Mereka masuk ke dalam sebuah aula yang indah, di mana beberapa pelayan sudah siap menyambut mereka. "Silakan ikuti mereka," kata Lazarus. "Kalian akan dapat menyegarkan diri kalian sebelum sarapan." Dan sementara Yesus dan Simon pergi ke sebuah ruangan lain, Lazarus memberikan perintah kepada para pelayan. Aku dapat melihat bahwa rumah itu milik orang-orang kaya dan juga tertata sangat rapi…

... Yesus minum susu, Lazarus bersikeras untuk melayani-Nya secara pribadi, sebelum duduk sekeliling meja untuk sarapan.

Aku mendengar Lazarus berbicara kepada Simon dan mengatakan kepadanya: "Aku telah mendapatkan orang yang mau membeli propertimu, dan membayar harga yang ditetapkan agenmu sebagai harga yang pantas. Dia tidak mau kurang satu dirham pun."

"Tapi apakah dia bersedia menyanggupi syarat-syaratku?"
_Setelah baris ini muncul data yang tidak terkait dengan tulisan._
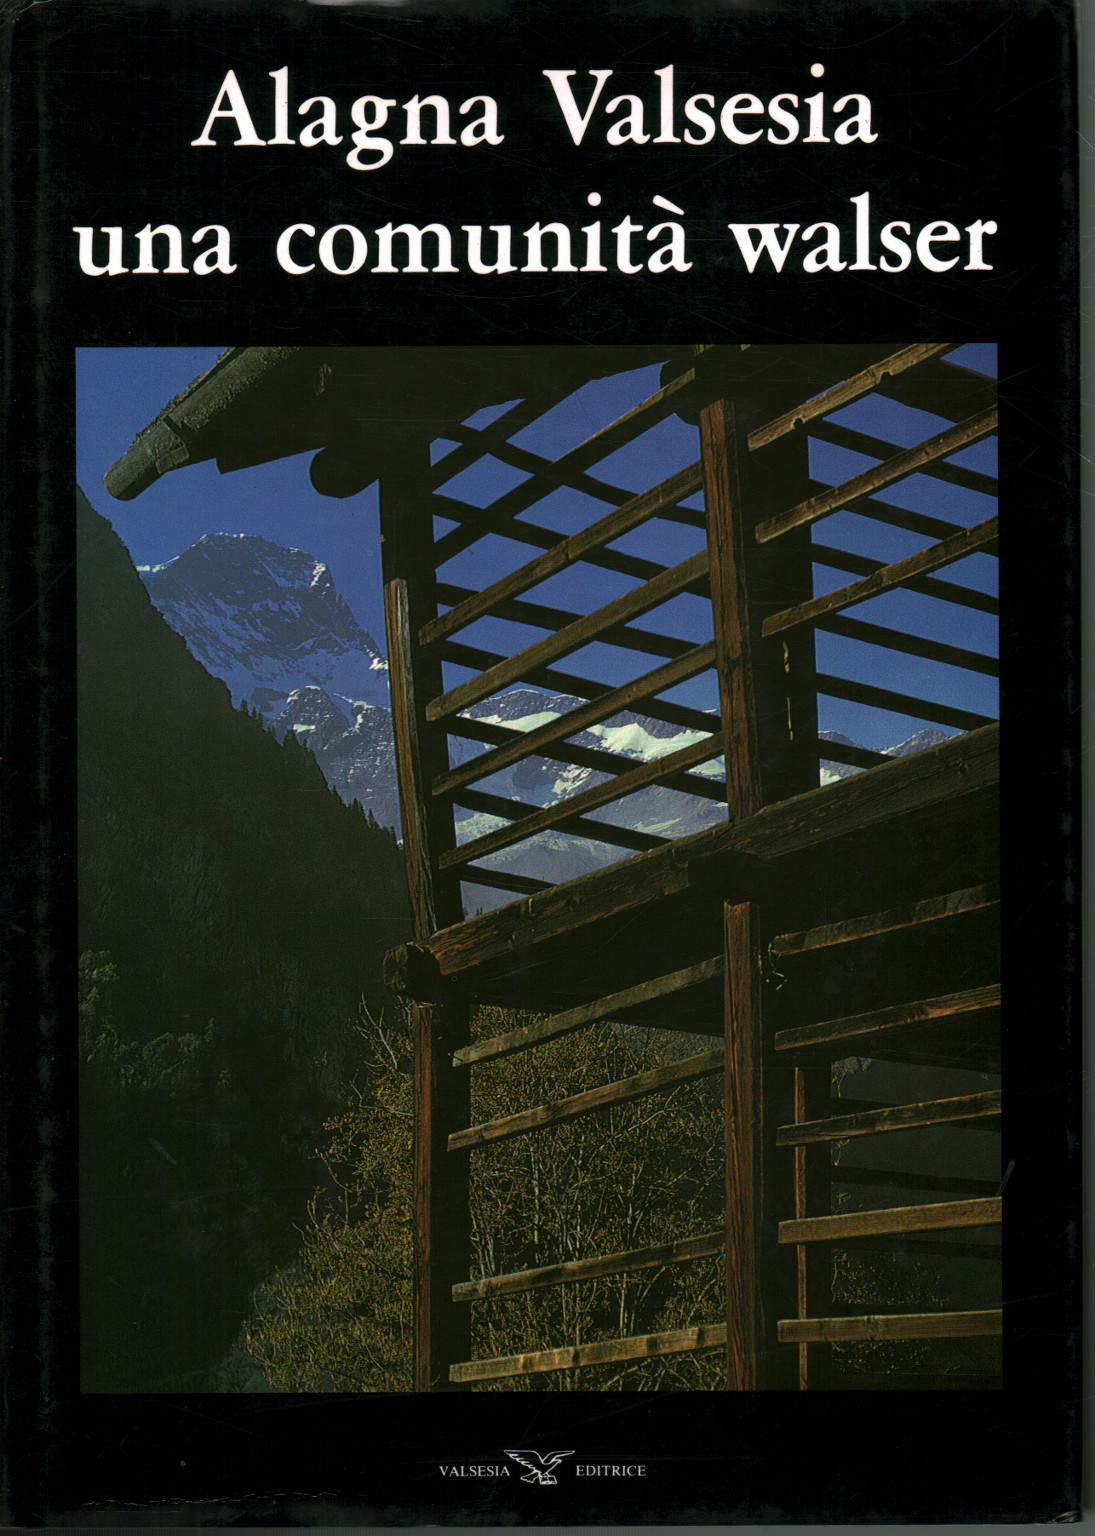 Alagna Valsesia ist eine Walsergemeinde

"Ya. Dia menerima semuanya, asalkan dia mendapatkan properti itu. Dan aku senang sebab setidaknya aku tahu siapa tetanggaku. Akan tetapi, sebab kau tidak ingin hadir pada saat transaksi, dia juga berharap tetap tak dikenal olehmu. Dan aku minta kau untuk menyetujui permintaannya."
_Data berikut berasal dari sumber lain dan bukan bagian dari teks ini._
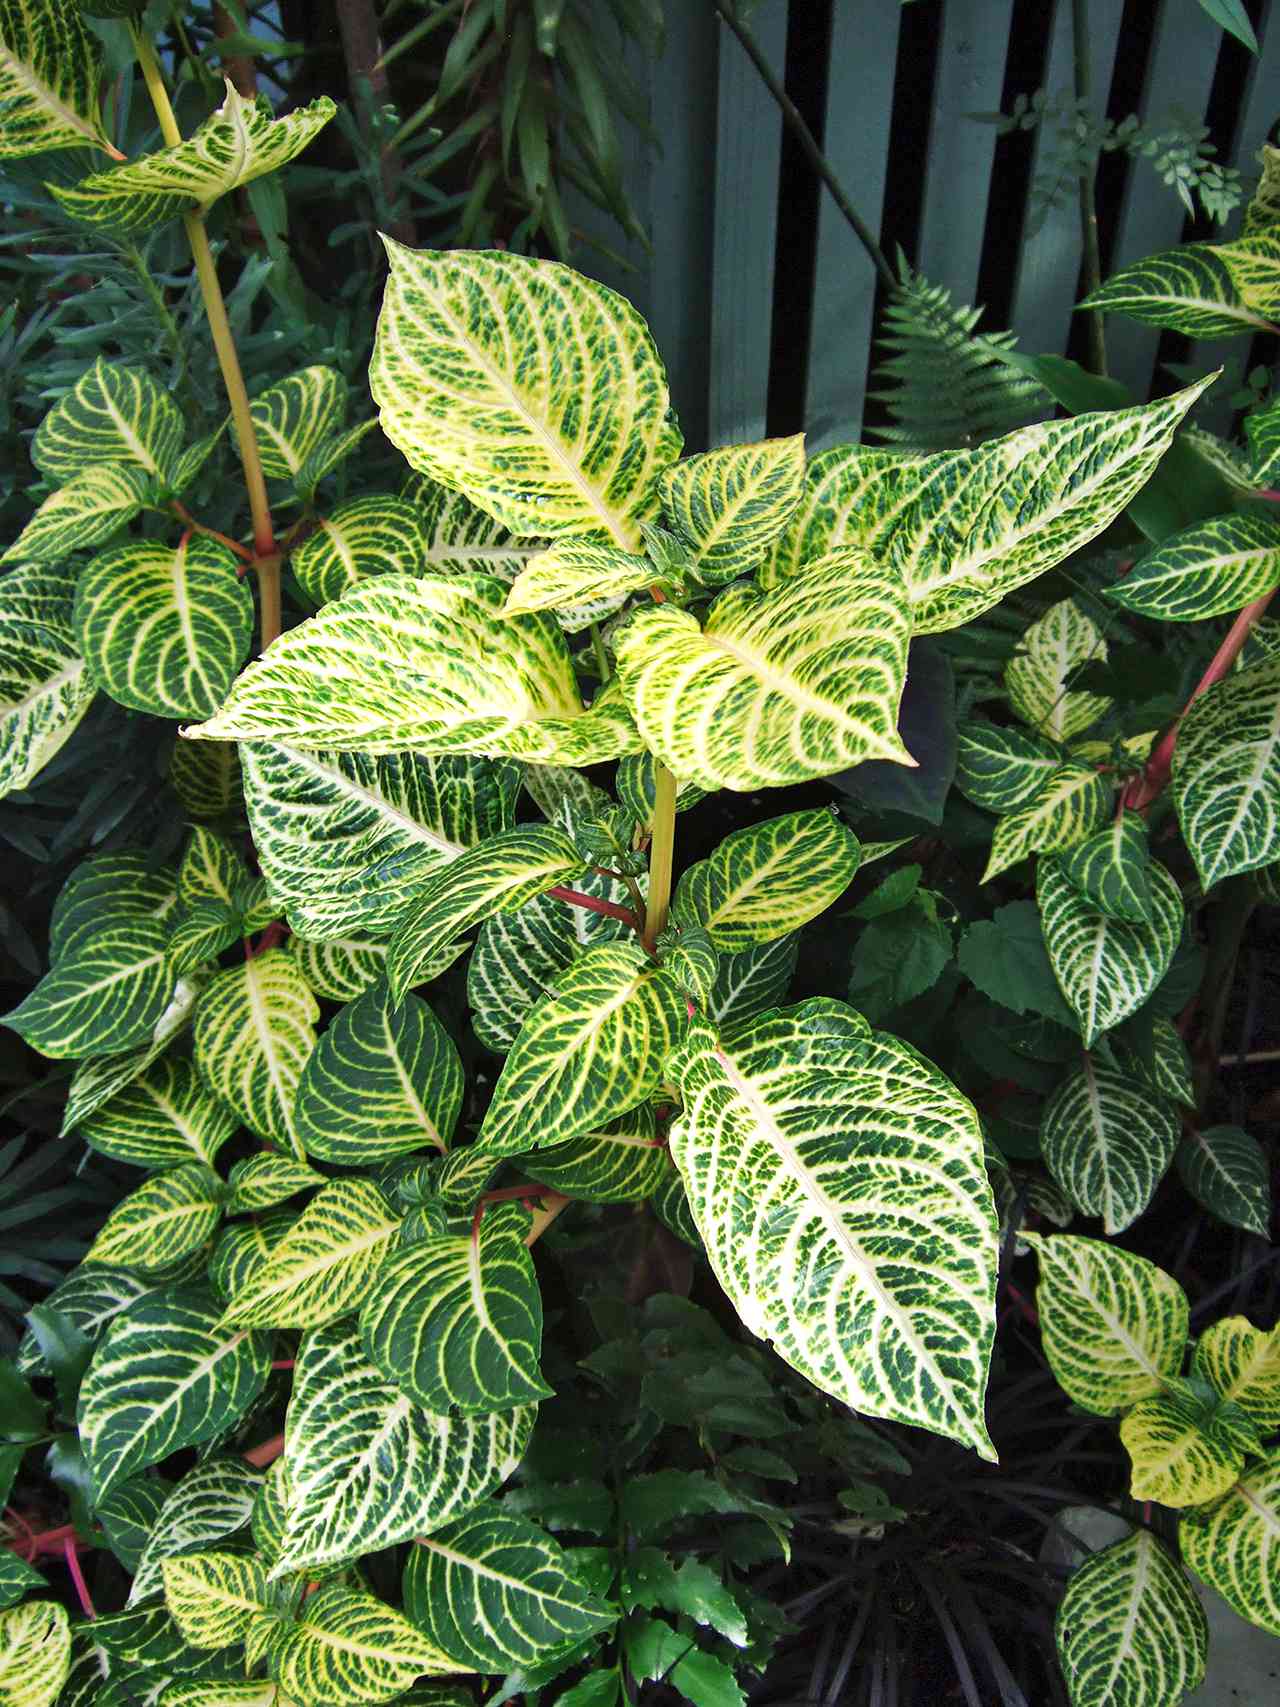 green Iresine leaves

"Aku tidak melihat alasan mengapa aku tidak menyetujuinya. Kau, sahabatku, akan mengambil tempatku... Apapun yang kau lakukan, adalah baik. Cukuplah bagiku bahwa pelayan setiaku tidak ditelantarkan… Guru, aku sedang menjual, dan sejauh menyangkut aku, aku senang bahwa aku tak akan punya apa-apa lagi yang akan mengikatku pada sesuatu yang bukan merupakan pelayanan bagi-Mu. Tapi aku punya seorang pelayan tua yang setia, satu-satunya yang masih tinggal sesudah kemalanganku dan, seperti telah aku katakan kepada-Mu, dia selalu menolongku selama pengasinganku, mengurus harta milikku, seolah miliknya sendiri, bukan, tapi dengan bantuan Lazarus, melepaskannya seolah miliknya sendiri, guna menabungnya dan dengan demikian mensubsidiku. Sekarang, akan tidak adil jika aku membiarkannya tanpa rumah, apalagi dia sekarang sudah tua. Aku memutuskan bahwa sebuah rumah kecil, dekat perbatasan properti, akan menjadi miliknya dan bahwa sebagian dari uang hendaknya diberikan kepadanya untuk pemeliharaan masa depannya. Orang-orang tua, Engkau tahu, adalah seperti tanaman ivy, selalu tinggal di satu tempat, mereka akan terlalu menderita dipisahkan darinya. Lazarus menginginkan pelayanku itu bersamanya, sebab dia seorang yang baik. Tapi aku memilih demikian. Orang tua itu tidak akan banyak menderita…"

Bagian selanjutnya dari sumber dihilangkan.